如果说川渊千予内心邪恶黑暗,外表却温柔无害,那么他的妹妹川渊八寻就是内心无欲无求,外表却狠戾残忍。人都是务实的生物,一个外表可怕的生物足以让他们恐惧不已。
借着悼念之名来试探的人络绎不绝,短短的三天时间里,八寻已经充分见识到了什么叫做人类的现实。
人们先是用沉痛的表情悼念已经了无生息的川渊千予,再用温柔的表情安慰失去了亲生兄长的她,最后摇着头退出灵堂,边走边思量着自己家族的未来。
八寻对此并没有什么意见。
死亡本就是个人的事情。人的死与他人之间的联系本来就不值一提,自己和自己重要之人的事情都已经应接不暇了,又怎么有多余的时间去关心别人的死亡?时间会冲淡一切的悲伤与欢乐。哪怕是死者的家属,在死者死后的几年里,他也会忘记这种伤痛的。死者就在这样如同流水一般一去不复返的日子里被所有人遗忘了。
就像是老人死去时一般,老人的子女虽然难过,却也庆幸着将来可以不用再吃力地照顾一个一只脚踏进棺材的老人。只有死者本身才会恐惧着他自身的死亡,当然,不怕死的人例外。
多么现实的世界,现实到八寻觉得它有些可*。
轮回是不会终止的东西,这种生命不断的轮回让世界不会变得如此无聊。人与人之间的联系组成了无数的悲剧与喜剧。

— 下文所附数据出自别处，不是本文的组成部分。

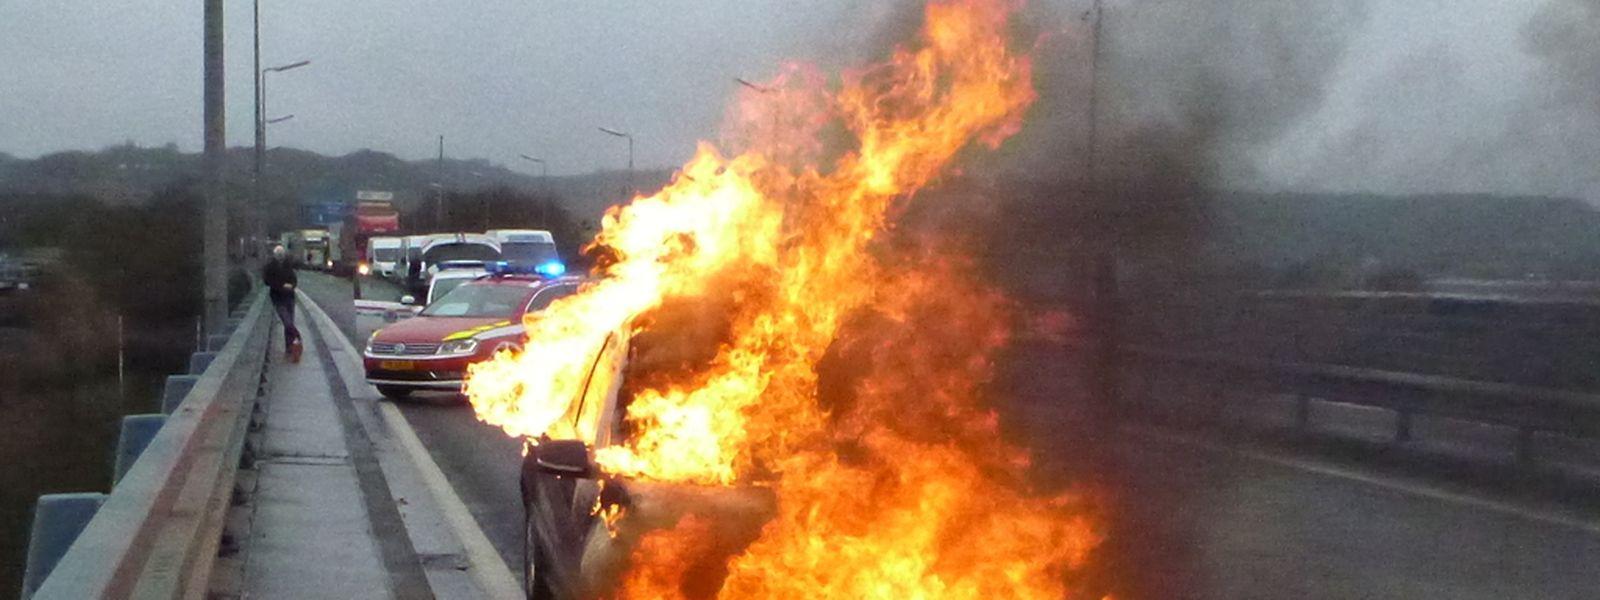 Kurz vor 11.00 Uhr brannte dieses Fahrzeug auf der A1 lichterloh.
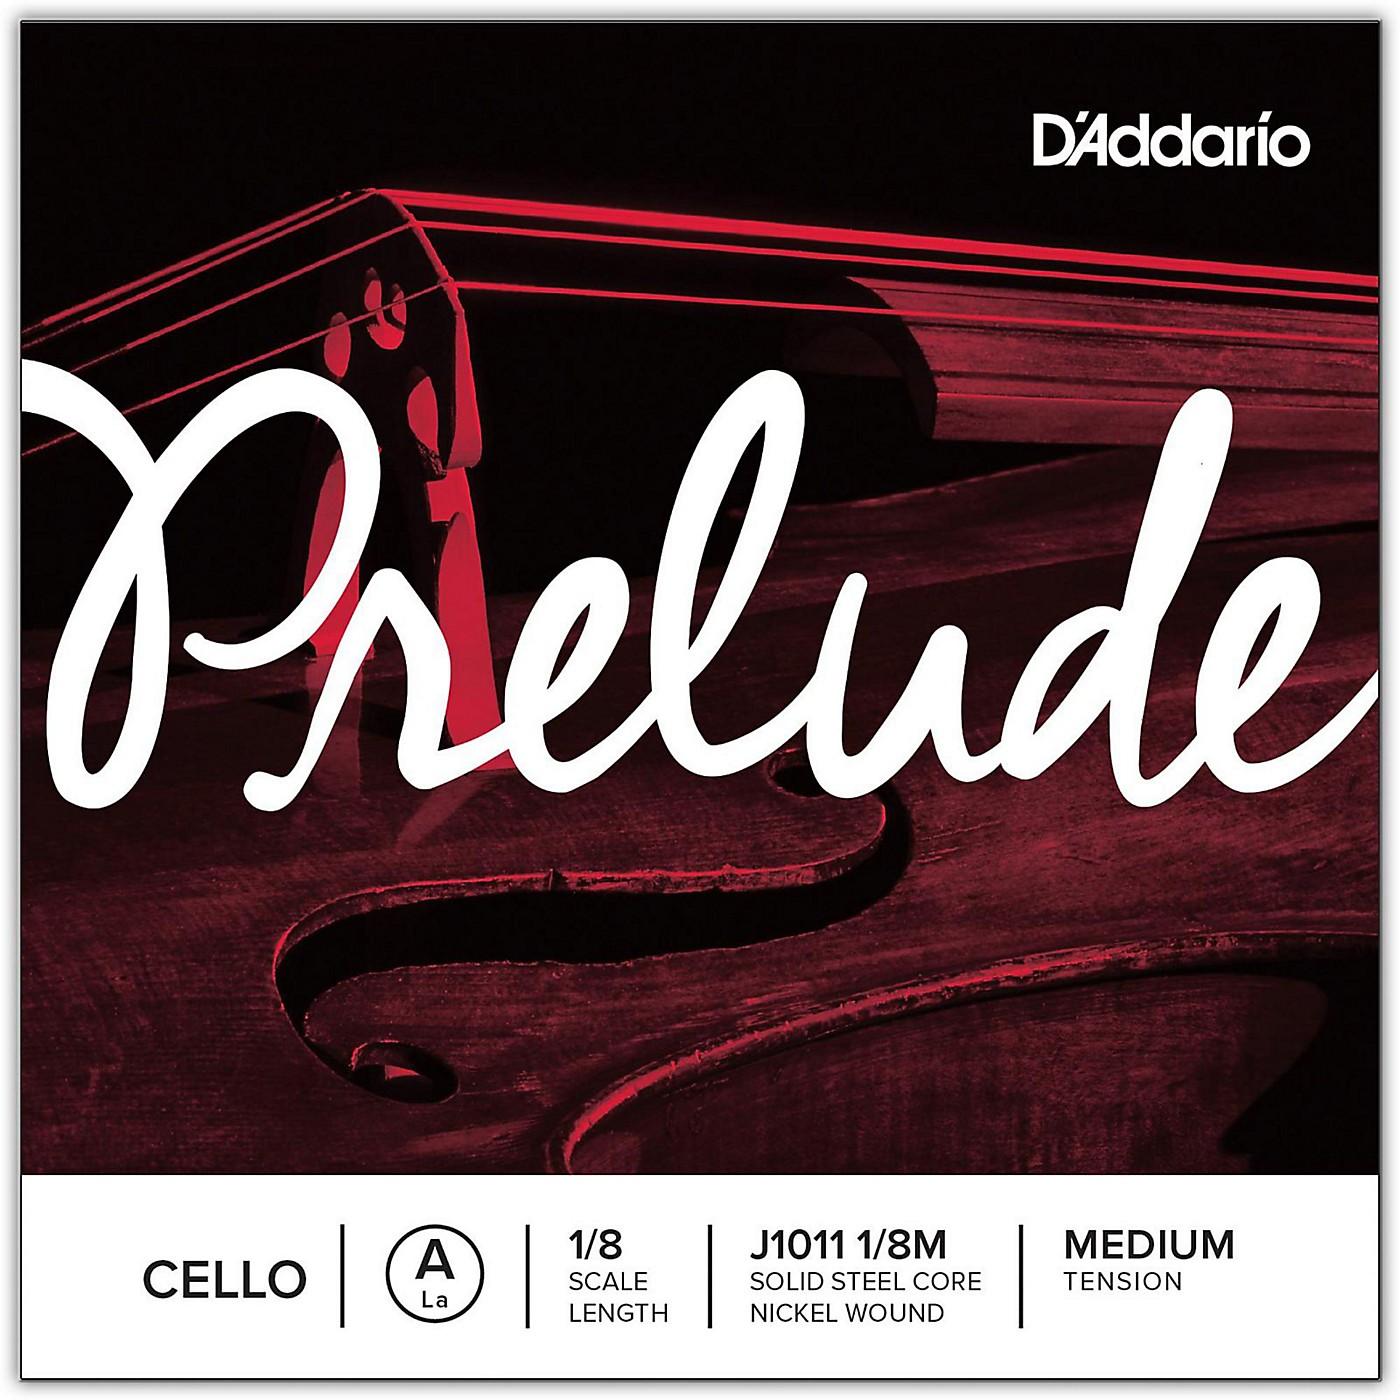 D'Addario Prelude Cello A String thumbnail

她已经在黑白两色组成的灵堂里守了三天的灵,陆陆续续来悼念川渊千予的人让八寻疲惫起来。五六岁的小孩子还不能很好的适合这种几乎令人窒息的环境。
弥漫着无边无际悲伤和痛楚的灵堂。
整个川渊家因为川渊千予的死亡而感到悲伤的人是零个,这种由虚假的泪水和虚伪的痛楚伪造出来的环境让八寻感到有那么点恶心。
即使川渊千予在外面做人做得再成功,在川渊家,他却还是不被重视的。只要有她和姐姐川渊千寻在的一天,川渊千予就不会被人注意到。
这也是他做出了那件事情的最根本原因。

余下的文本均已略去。